- Leagues: Super League
- Founded: 2011
- Dissolved: 2019
- History: Dublin Thunder 2011–2013 Swords Thunder 2013–2019
- Arena: ALSAA Sports Complex
- Location: Dublin Airport, Dublin
- Team colors: Red, black, white

= Swords Thunder =

Swords Thunder was an Irish basketball team based in Dublin. The team competed in the Super League and played its home games at the ALSAA Sports Complex.

==History==
===Dublin Thunder===
In 2010, Dublin Thunder Basketball Club was founded. The following year, founder member Dave Baker became the inaugural coach of club's senior men's representative team. Aligned with Dublin Business School, Baker applied for national league status, but rulings required them to have played at least one year at local level before playing in the national league. With the Dublin league being full, Dublin Thunder entered the European Friendly Basketball League (EFBL). Between July 2011 and January 2012, they went unbeaten in the EFBL. They also boasted a friendly record of 27–1, having played 28 games against four American colleges, a pro team from the Philippines and five SuperLeague teams. On 27 January 2012, Dublin Thunder won the Basketball Ireland Senior Men's National Cup with an 87–45 win over UCD Marian in the final.

For the 2012–13 season, Thunder entered the National League Division 1.

===Swords Thunder===
For the 2013–14 season, the team was renamed Swords Thunder after Dublin Thunder Basketball Club linked with Swords Basketball Club. They went on to finish runners-up in the National League Division 1 while securing the Three Nations Cup title in Lecce, Italy.

For the 2014–15 season, Swords Thunder entered the Premier League and finished as regular season runners-up.

In the 2015–16 season, Thunder made their maiden final appearance in the Hula Hoops Men's National Cup, where they lost 78–75 to Templeogue.
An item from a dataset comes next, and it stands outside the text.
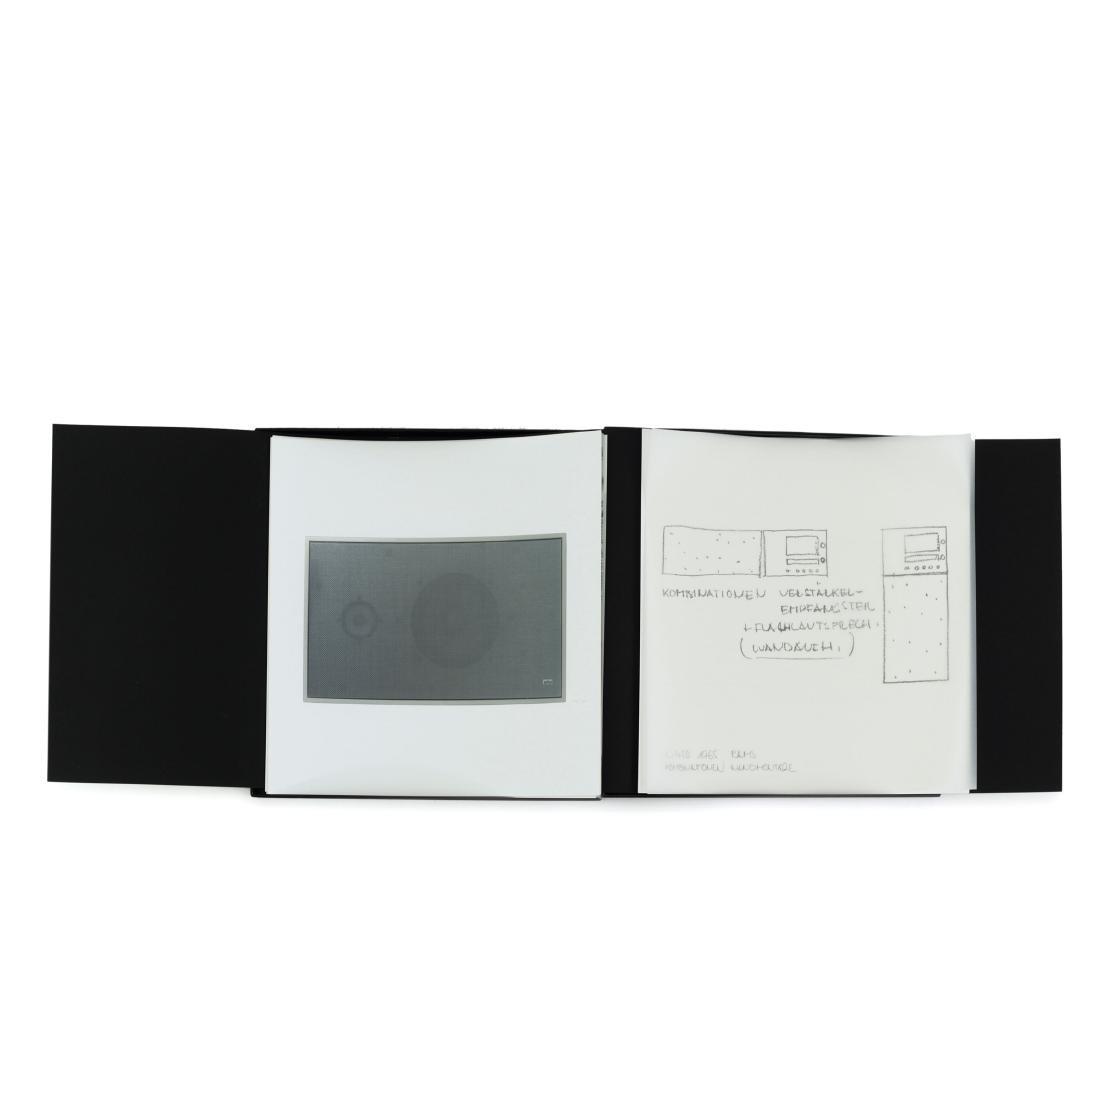 'Atelier Last Edition' book, 1991
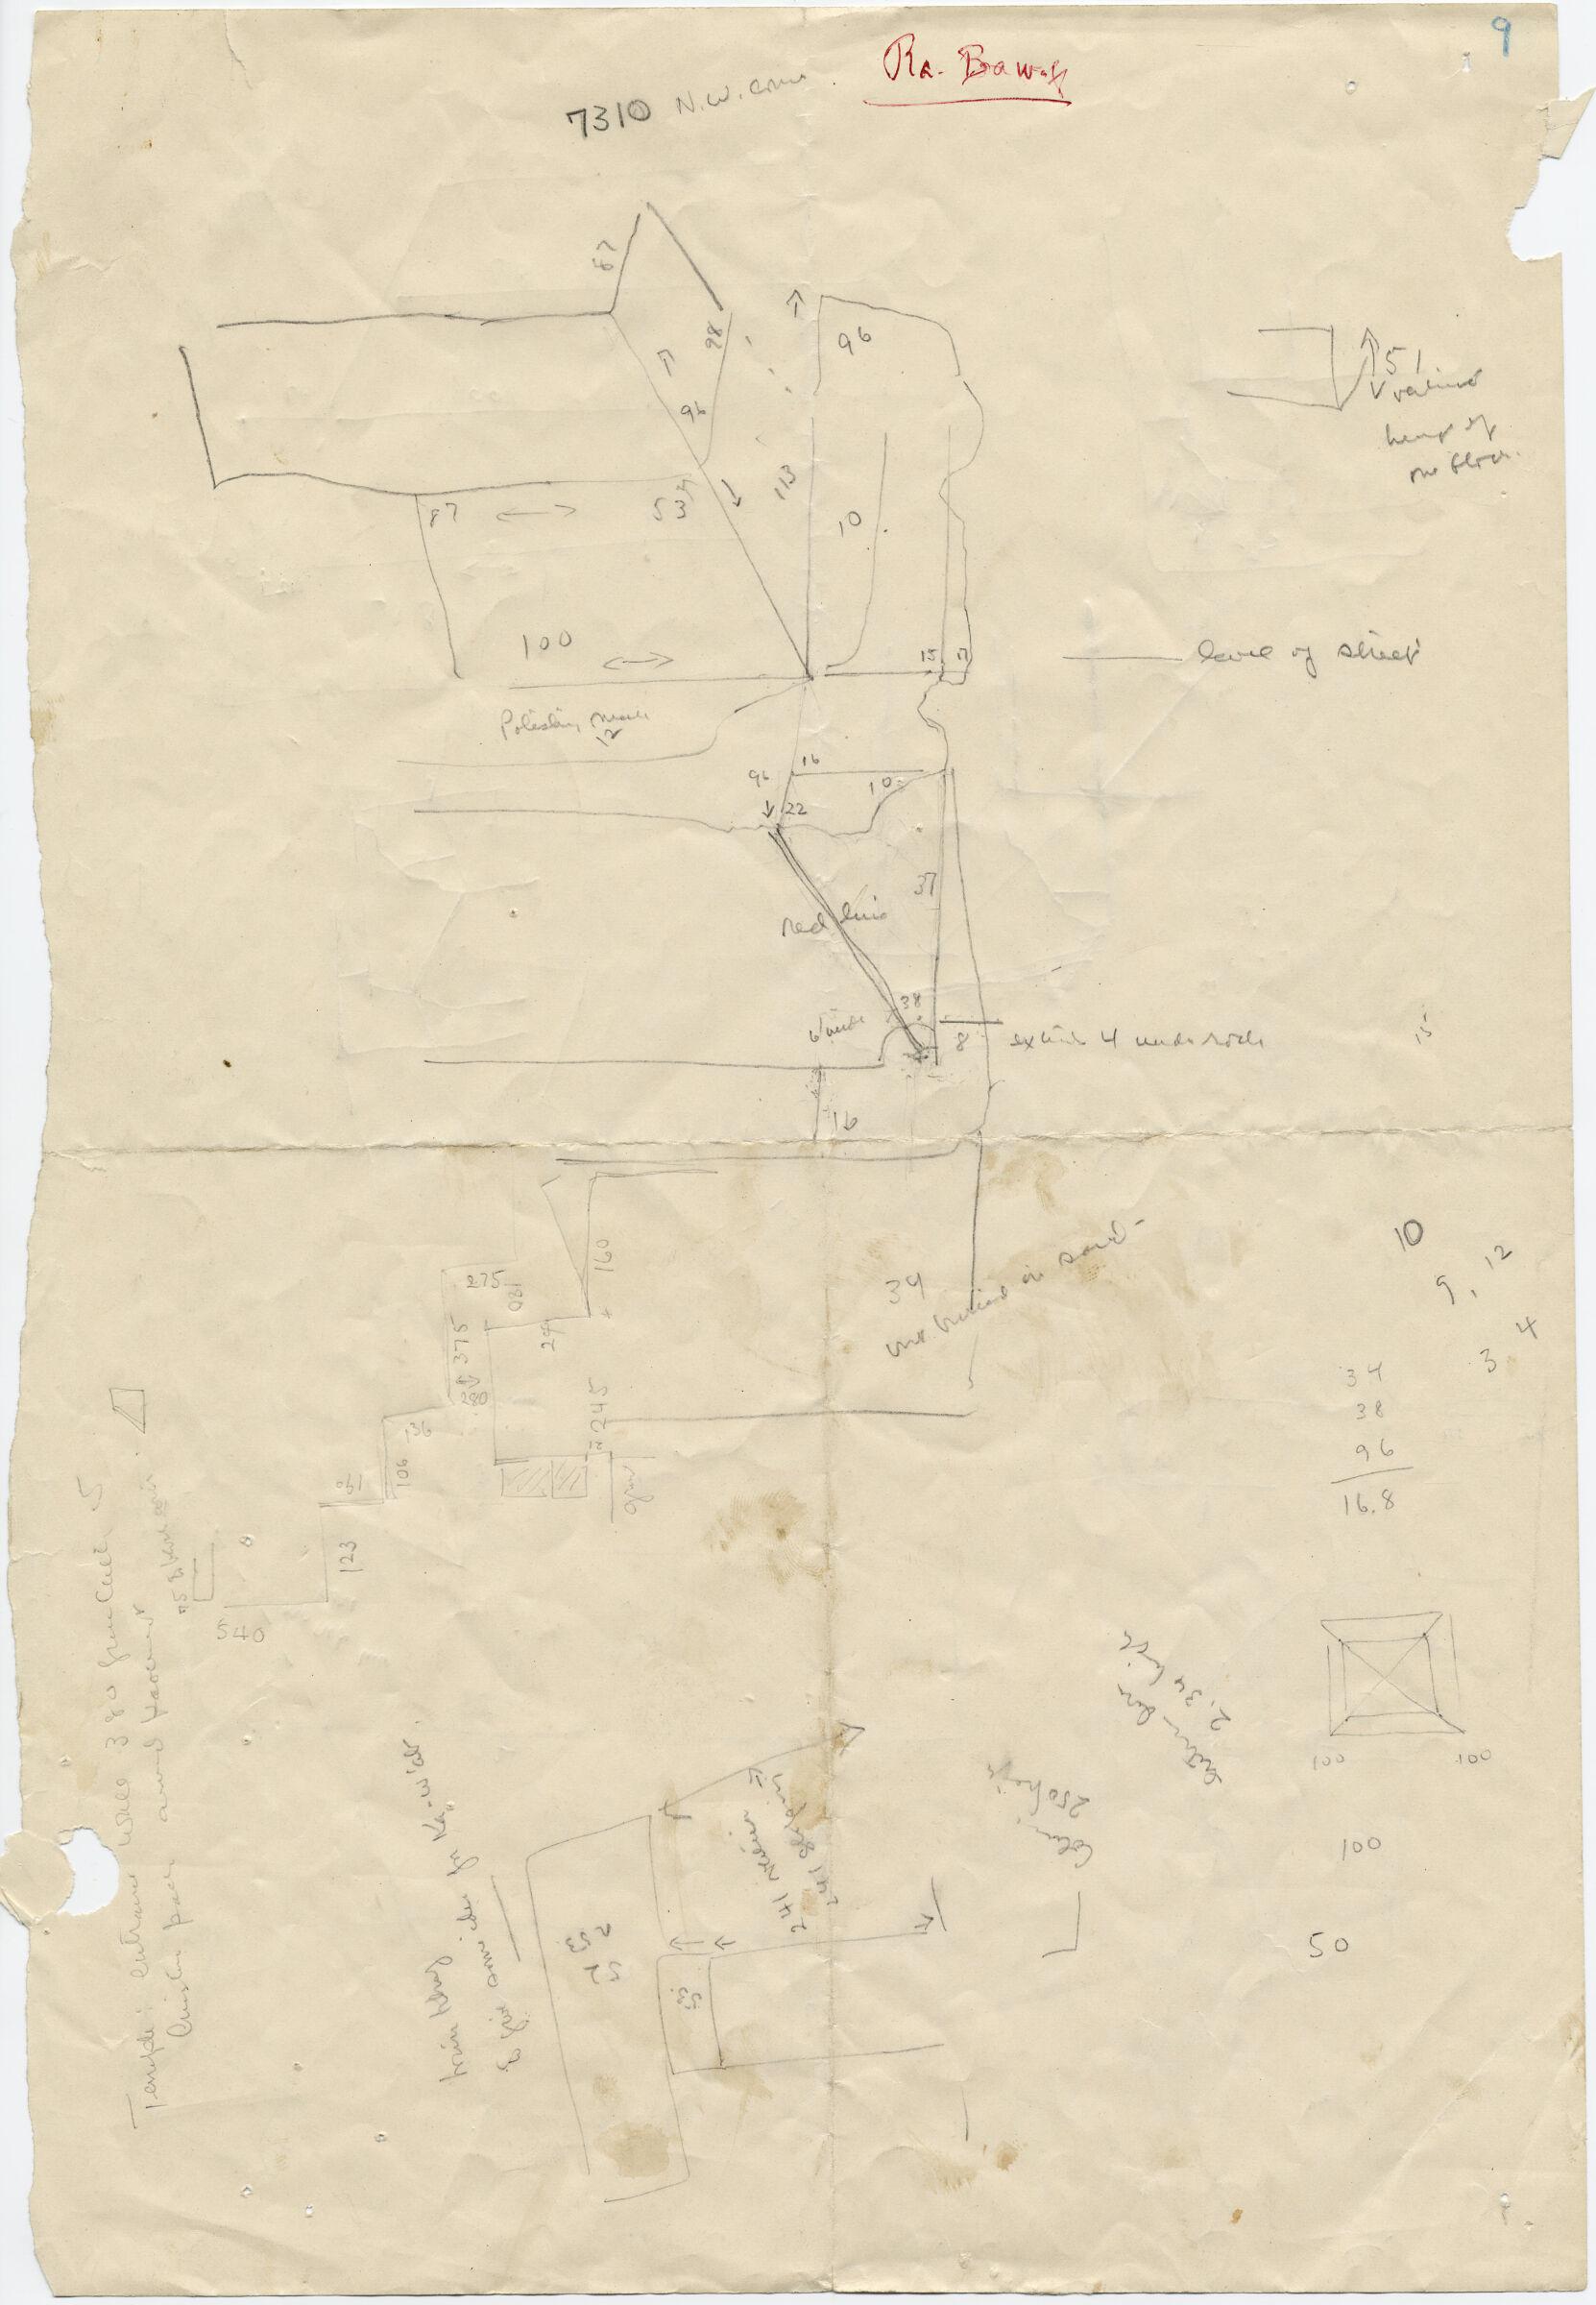 Drawings: G 7310-7320: G 731, Sketch plan of NW corner

In the 2016–17 season, Thunder won the Hula Hoops Men's National Cup with a 72–51 victory over Killester in the final. They also finished as regular season runners-up for the second time in three years.

In February 2019, Swords Thunder disbanded and withdrew from the Super League midway through the 2018–19 season. The team began the season relatively well and were in third spot in November, but after founder and coach Dave Baker began suffering with health problems, the team started to fall apart and its relationship with main sponsor Griffith College began to weaken.